YOUR ASSIGNMENT:
From top to bottom, write out the listing exactly and skip every picture.

GIVEN DATA:
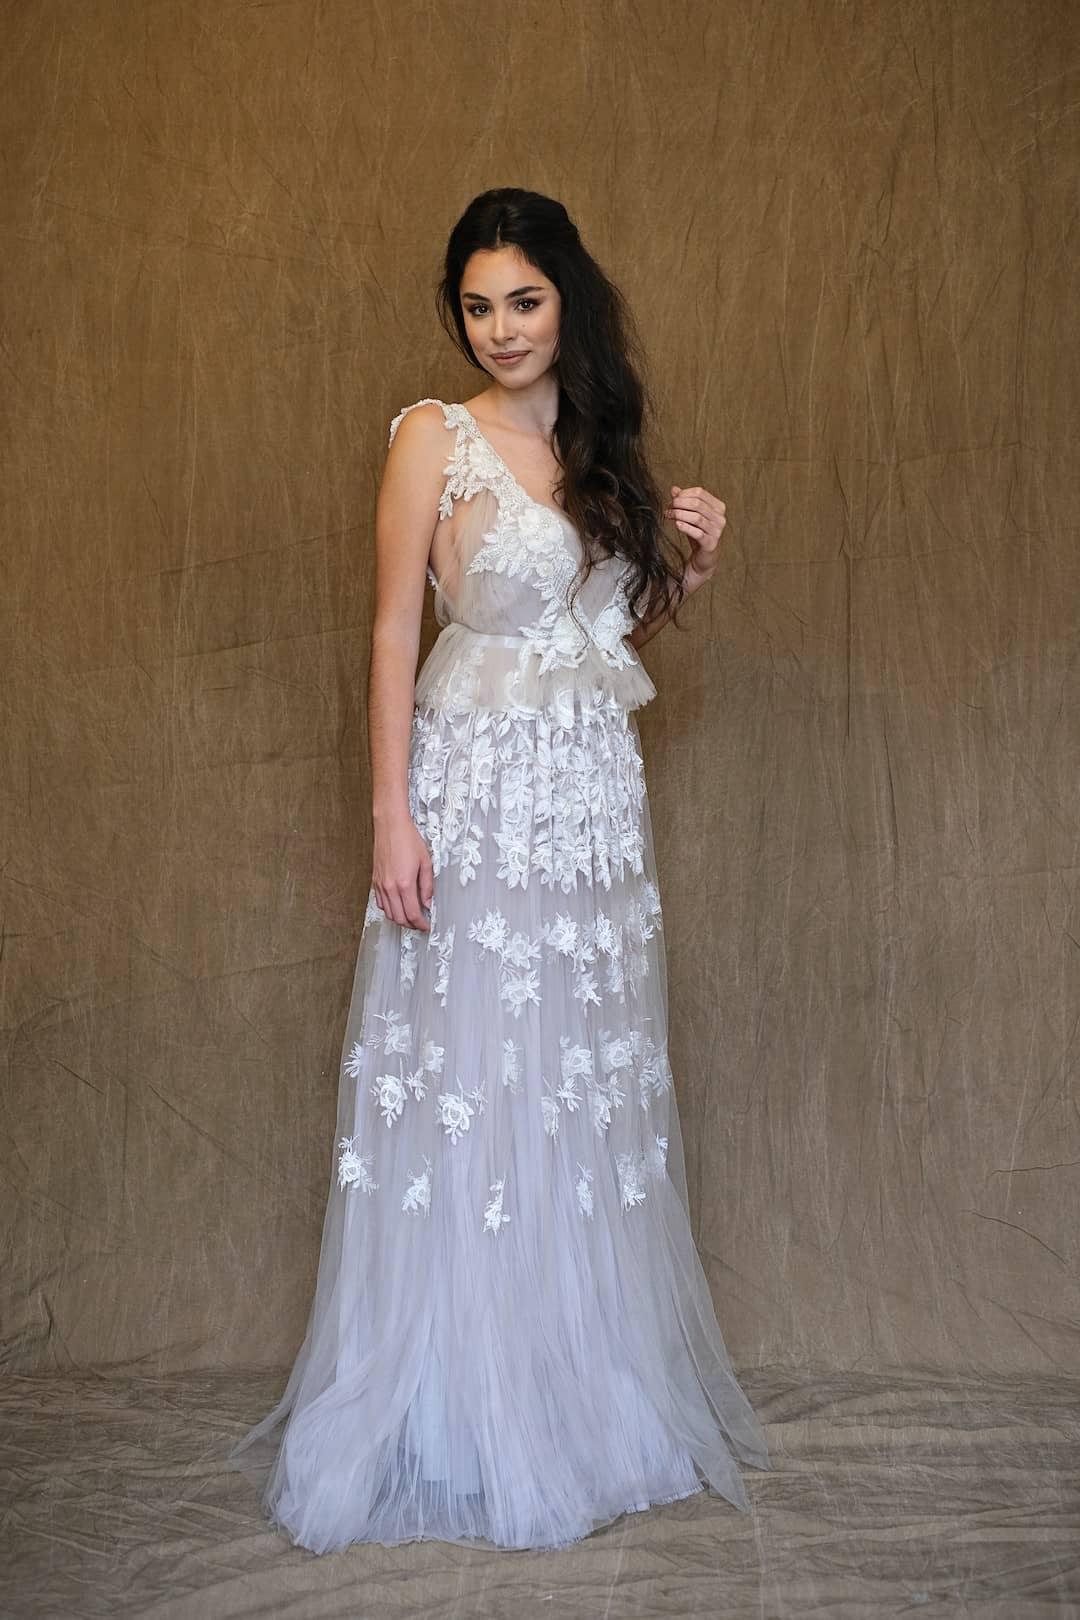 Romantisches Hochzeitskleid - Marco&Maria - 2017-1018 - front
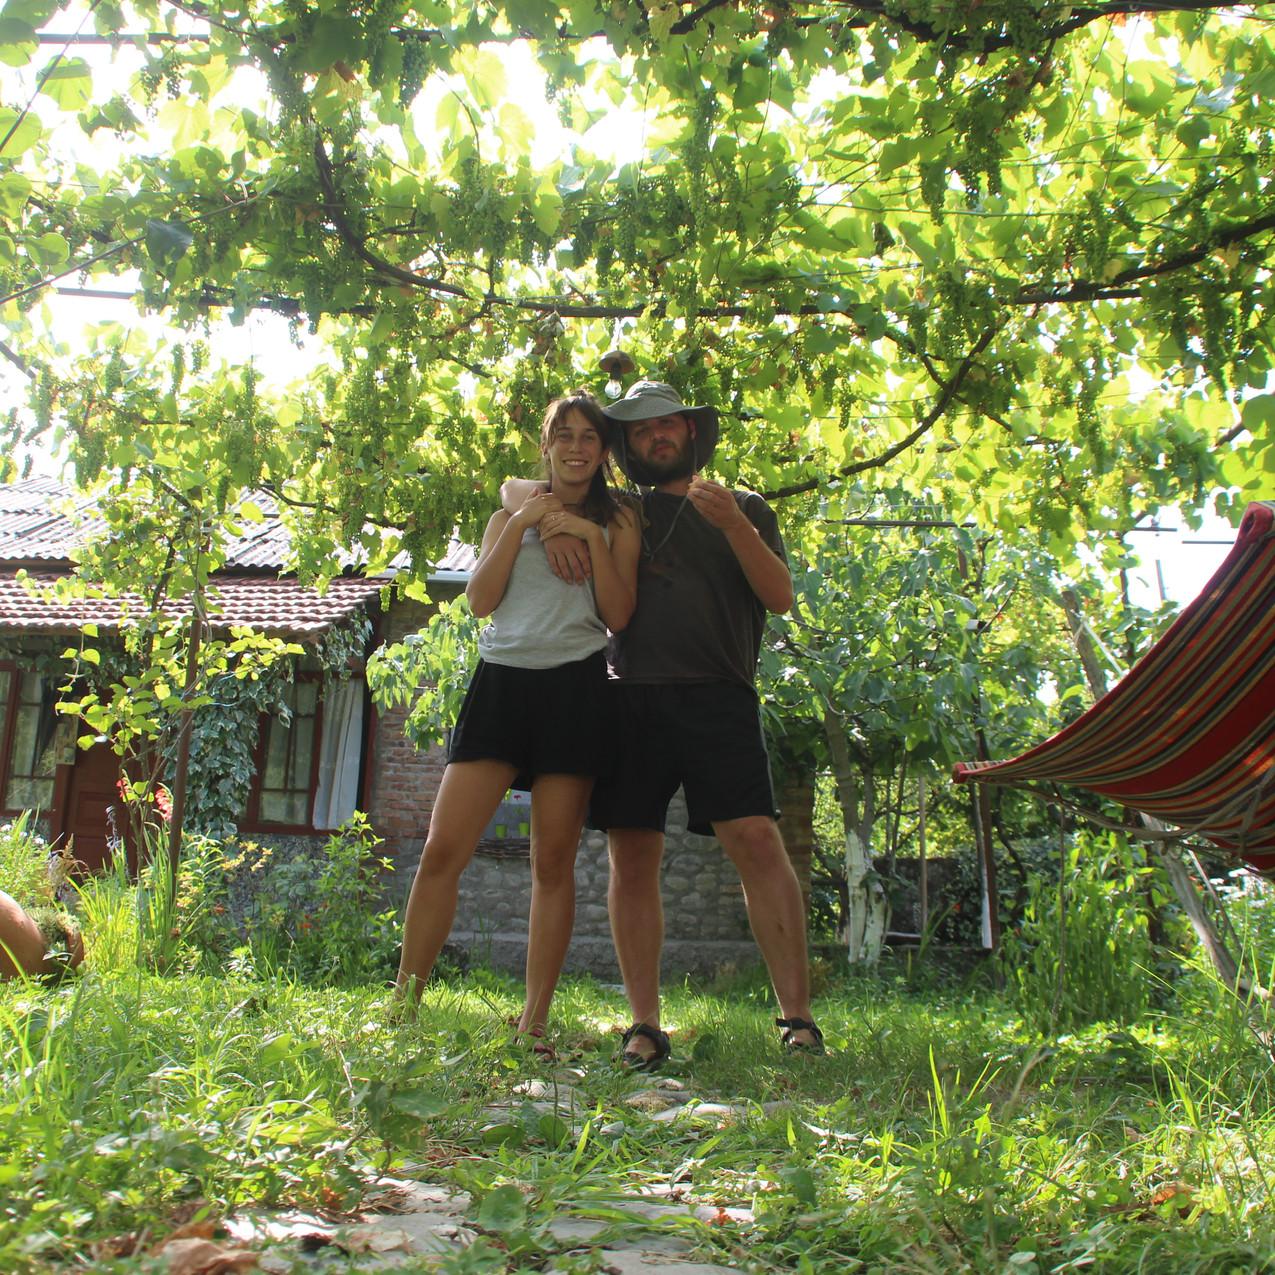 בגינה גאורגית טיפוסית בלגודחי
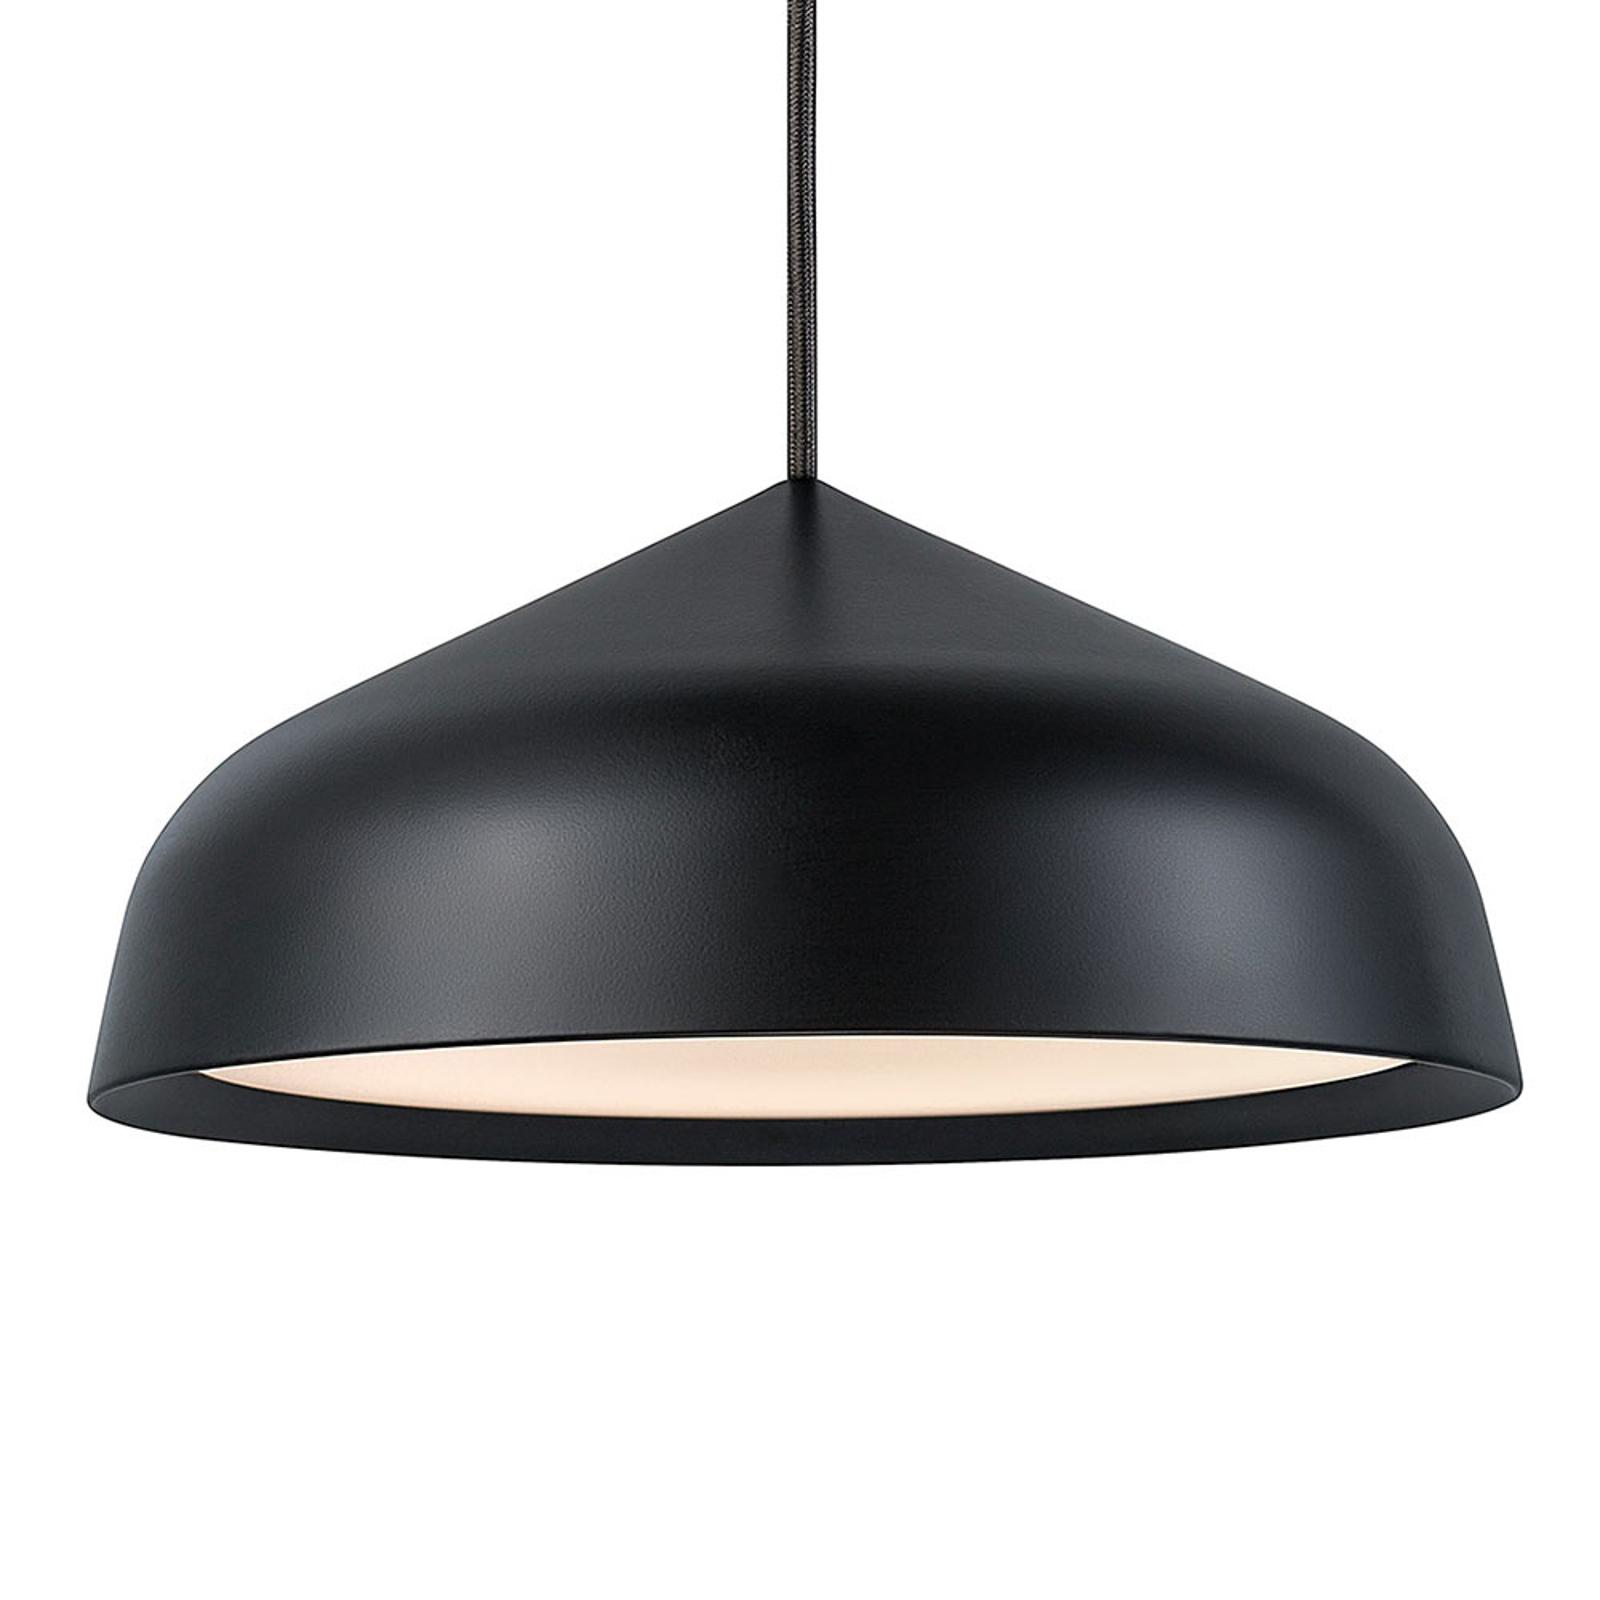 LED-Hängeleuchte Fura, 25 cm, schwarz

ANSWER TO THIS PROBLEM:
 Romantisches Hochzeitskleid - Marco&Maria - 2017-1018 - front
 בגינה גאורגית טיפוסית בלגודחי
 LED-Hängeleuchte Fura, 25 cm, schwarz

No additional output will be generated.